1. A real-time speech translation method, characterized in that the real-time speech translation method comprises: Performing stream recognition on the received real-time voice to obtain a recognition text; Matching the identification text with the source terms in each memory unit, and determining a target term corresponding to the identification text according to a matching result; acquiring a translation result of the identification text; and replacing the translation term corresponding to the source term in the translation result with the target term to obtain a replaced translation text, and outputting the translation text.
2. The method for real-time speech translation according to claim 1, wherein said step of determining the target term corresponding to said recognized text based on the matching result comprises: Responding to the matching result as successful matching, and acquiring context labels corresponding to the source terms which are successfully matched from all memory units stored in the memory model, wherein the source terms correspond to different candidate terms under different context labels; determining the domain label of the identification text according to each context label; And determining the target term corresponding to the identification text from the candidate terms according to the domain label.
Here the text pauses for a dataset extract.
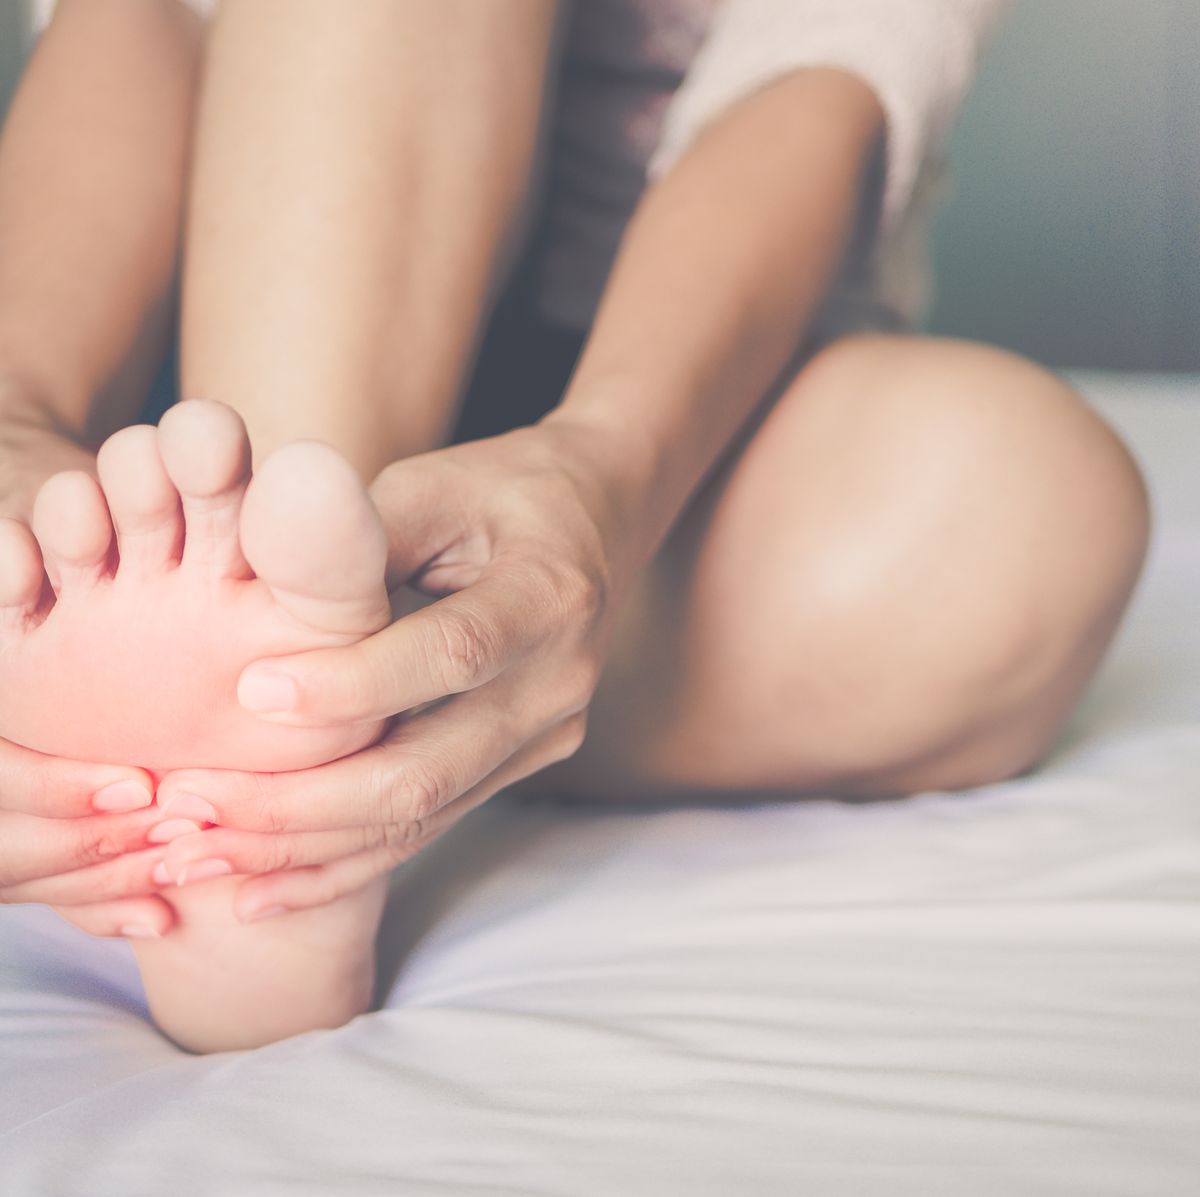 6 Causes Of Toe Cramping And Curling How To Get Rid Of Toe Cramps

3. The method of real-time speech translation according to claim 2, wherein said step of determining a domain label of said recognized text from each of said context labels comprises: Acquiring confidence weight of each context label; calculating the comprehensive score of each context label according to the number of the context labels and the corresponding confidence weights; and determining the context label with the highest comprehensive score as the domain label of the identification text.
4. The method for real-time speech translation according to claim 1, wherein said step of determining the target term corresponding to said recognized text based on the matching result comprises: Responding to the matching result as the matching failure, matching the identification text with the context labels in the memory units, and selecting undetermined terms needing to be replaced from the identification text according to the matching result; calculating semantic similarity between the undetermined term and each source term; and under the condition that the semantic similarity is larger than a preset similarity threshold, taking the candidate term corresponding to the source term as the target term of the identification text.
5. The method for real-time speech translation according to claim 1, wherein said step of obtaining a translation result of said recognized text comprises: acquiring domain adaptation attributes of each candidate translation model; Determining a translation model matched with the domain label of the identification text from the candidate translation models according to the domain adaptation attribute; and translating the identification text according to the translation model to obtain a translation result.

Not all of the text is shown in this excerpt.